Personally I find this film kind of funny, I find it kind of sad. Ok, not strictly a school film, but surely anyone who ever studied Eng Lit at school (and that’s all of us) had a teacher at some point who reminds you slightly of Drew Barrymore’s young rebellious teacher with her ‘cellar door’. Or perhaps you are that teacher? And frankly, sometimes I doubt your commitment to Sparkle Motion…

6. The Falling (2014)

It’s 1969 at a strict English girls’ school where charismatic Abbie and intense and troubled Lydia are best friends. After a tragedy occurs at the school, a mysterious fainting epidemic breaks out threatening the stability of all involved.

What was I thinking, watching this the night before I started working in a girls’ school? More to the point, what the hell was writer/director Carol Morley thinking with that ending? I won’t spoil it, but this extraordinarily lyrical, poetic, ambiguous film is sharply undercut with a really, really, really disturbing ending that I find… deeply troublesome. I didn’t sleep well that night. Nor much ever since.

5. The Awakening (2011)

In 1921, England is overwhelmed by the loss and grief of World War I. Hoax exposer Florence Cathcart visits a boarding school to explain sightings of a child ghost. Everything she believes unravels as the ‘missing’ begin to show themselves.

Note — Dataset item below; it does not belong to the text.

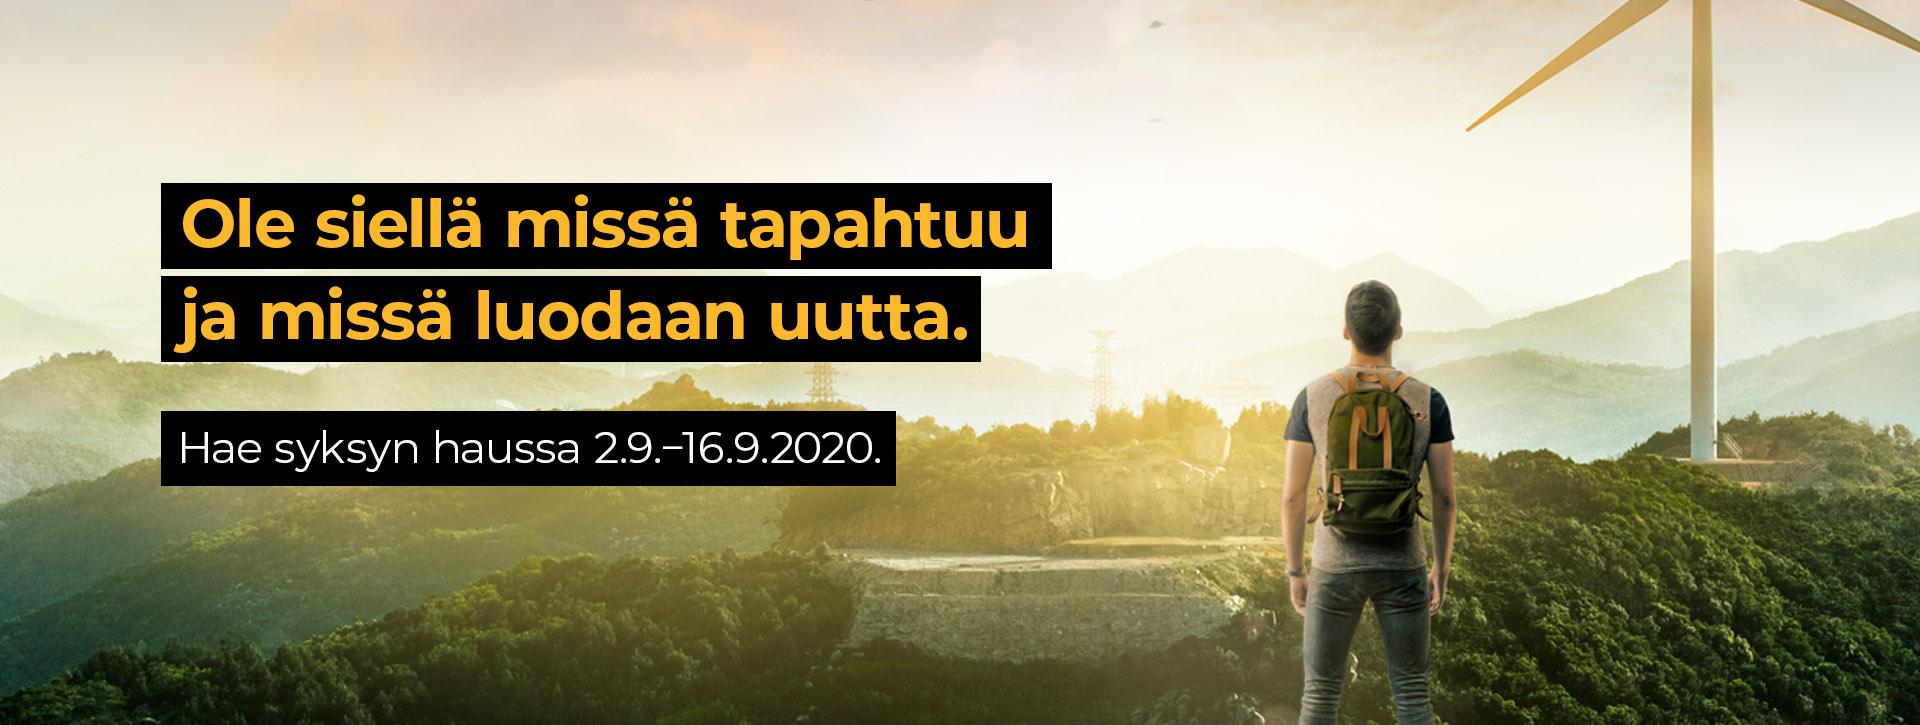 Syksyn hakuaika ammattikorkeakouluihin on 2.-16.9.2020.
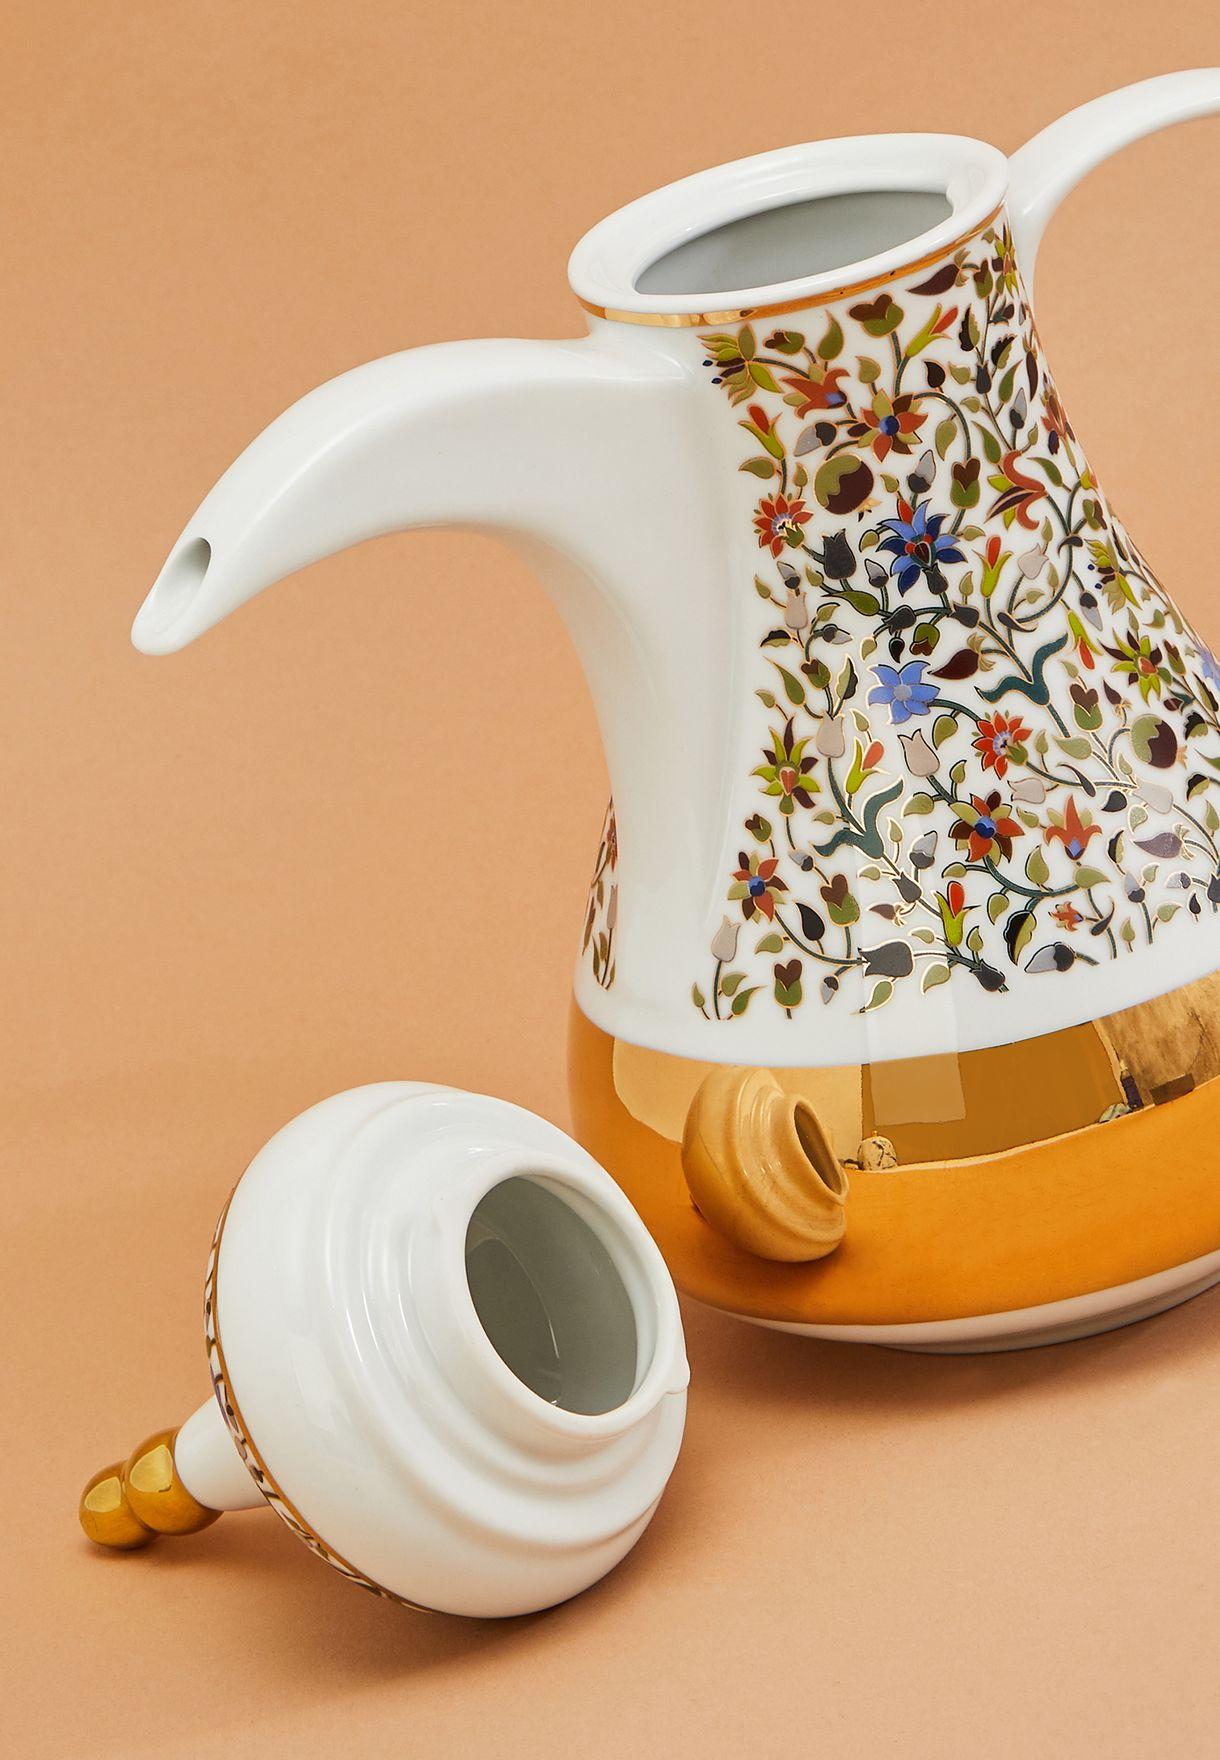 Majestic Arabic Coffee Dallah

Neglected, under-rated BBC film starring Rebecca Hall, Dominic West and Imelda Staunton. Ok, I admit I will watch anything Rebecca Hall appears in, but I love this film, a cracking ghost story with a twist that I found impressive, after an oppressive, suspenseful journey. I rate it higher than the much-lauded The Falling. Literally, it’s one better.

4. The History Boys (2006)

An unruly class of gifted and charming teenage boys are taught by two eccentric and innovative teachers, as their headmaster pushes for them all to get accepted into Oxford or Cambridge.

A highly personal choice. This adaptation of Alan Bennett’s play may be a bit too stagey for the screen, but I love this because at the same time as this film is set I was doing ‘third year 6th form’, being crammed (pointlessly, as it happened) for Oxbridge by some glorious eccentrics who spookily resemble the teachers in this film. With literally the same soundtrack playing on the cassette player in the Junior Common Room. Perfectly encapsulates 3 months of my life in the 1980s.

3. An Education (2009)

A coming-of-age story about a teenage girl in 1960s suburban London, and how her life changes with the arrival of a playboy nearly twice her age.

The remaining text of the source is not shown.